Cheng Xu, Li Huan, Yan Zhibing, Liu Jin, Hu Zhaoyang
Department of Anesthesiology, West China Hospital, Sichuan University, Chengdu, Sichuan, China.
Laboratory of Anesthesia and Critical Care Medicine, National-Local Joint Engineering Research Centre of Translational Medicine of Anesthesiology, West China Hospital, Sichuan University, Chengdu, Sichuan, China.
Pflugers Arch. 2022 Sep;474(9):979-991. doi: 10.1007/s00424-022-02716-5. Epub 2022 Jun 13.
The mechanism for limb ischemic precondition (RLIPC)-induced suppression of reperfusion arrhythmia remains unknown. The purpose of this study was to examine the roles of the pro-survival reperfusion injury salvage kinase (RISK) and survivor activating factor enhancement (SAFE) pathways in this RLIPC-mediated antiarrhythmic activity. Male Sprague Dawley rats were assigned to sham-operated, control, or RLIPC groups. All rats except for the sham rats had 5 min of left main coronary artery occlusion with another 20 min of reperfusion. RLIPC was initiated by four cycles of limb ischemia (5 min) and reperfusion (5 min) on the bilateral femoral arteries. Hearts in every group were taken for protein phosphorylation analysis. RLIPC ameliorated reperfusion-induced arrhythmogenesis and reduced the incidence of sudden cardiac death during the entire 20-min reperfusion period (66.7% of control rats had SCD vs. only 16.7% of RLIPC-treated rats). RLIPC enhances ventricular ERK1/2 phosphorylation after reperfusion.
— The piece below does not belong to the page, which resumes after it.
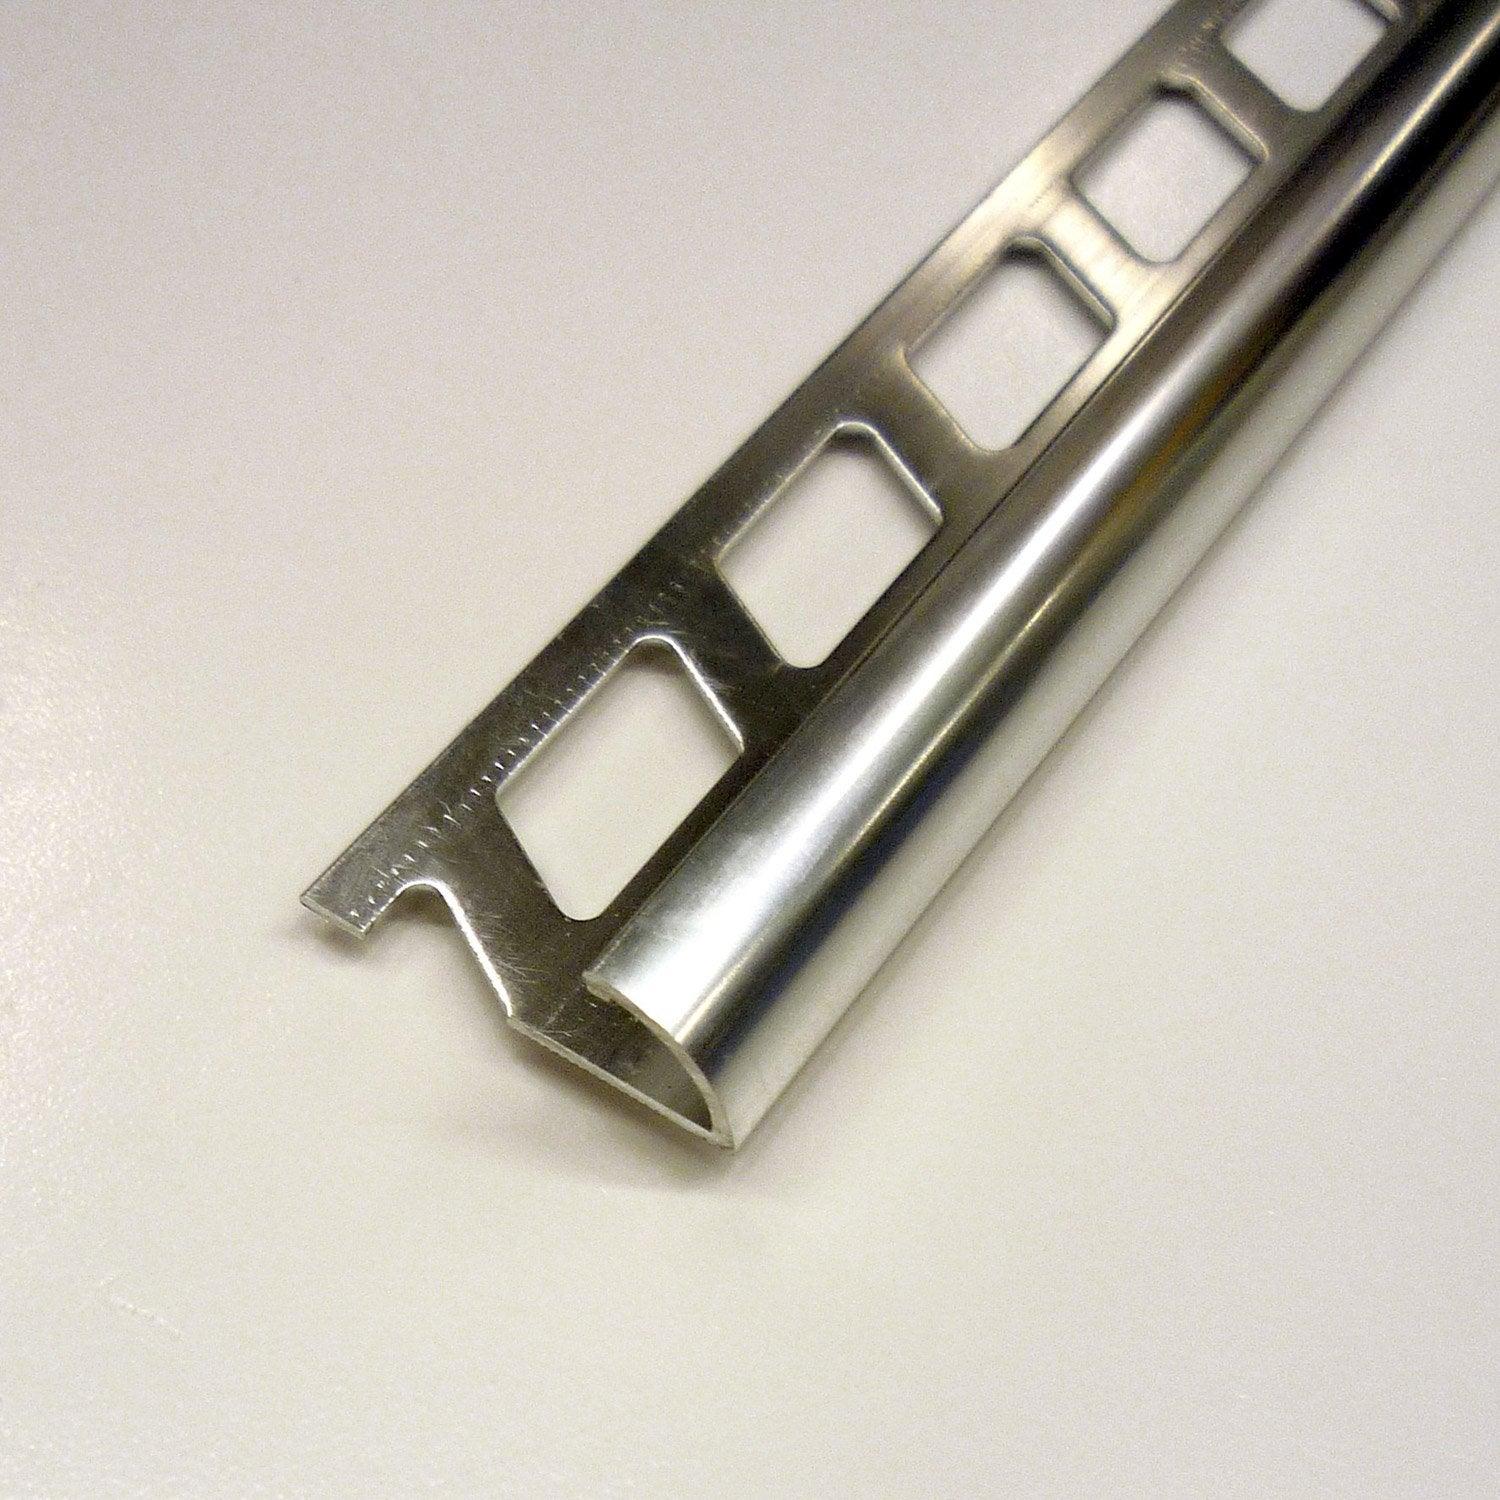 Quart de rond carrelage mur aluminium anodis l 2 5 m x for Baguette d angle carrelage

RLIPC-induced antiarrhythmic action and ERK1/2 phosphorylation are abolished in the presence of the ERK1/2 inhibitor U0126. Limb ischemic preconditioning protects the heart against myocardial reperfusion injury-induced lethal arrhythmia. These beneficial effects may involve the activation of ERK1/2 in the RISK signaling pathway.
肢体缺血预处理(RLIPC)诱导的再灌注心律失常抑制机制尚不清楚。本研究的目的是探讨促生存再灌注损伤挽救激酶(RISK)和存活激活因子增强(SAFE)途径在这种RLIPC介导的抗心律失常活性中的作用。将雄性Sprague Dawley大鼠分为假手术组、对照组或RLIPC组。除假手术大鼠外,所有大鼠均经历5分钟的左冠状动脉主干闭塞和另外20分钟的再灌注。RLIPC通过双侧股动脉的四个肢体缺血(5分钟)和再灌注(5分钟)周期启动。每组大鼠心脏用于蛋白质磷酸化分析。RLIPC改善了再灌注诱导的心律失常,并降低了整个20分钟再灌注期内心脏性猝死的发生率(对照组66.7%的大鼠发生心脏性猝死,而RLIPC处理组仅16.7%)。再灌注后RLIPC增强心室ERK1/2磷酸化。在存在ERK1/2抑制剂U0126的情况下,RLIPC诱导的抗心律失常作用和ERK1/2磷酸化被消除。肢体缺血预处理可保护心脏免受心肌再灌注损伤诱导的致死性心律失常。这些有益作用可能涉及RISK信号通路中ERK1/2的激活。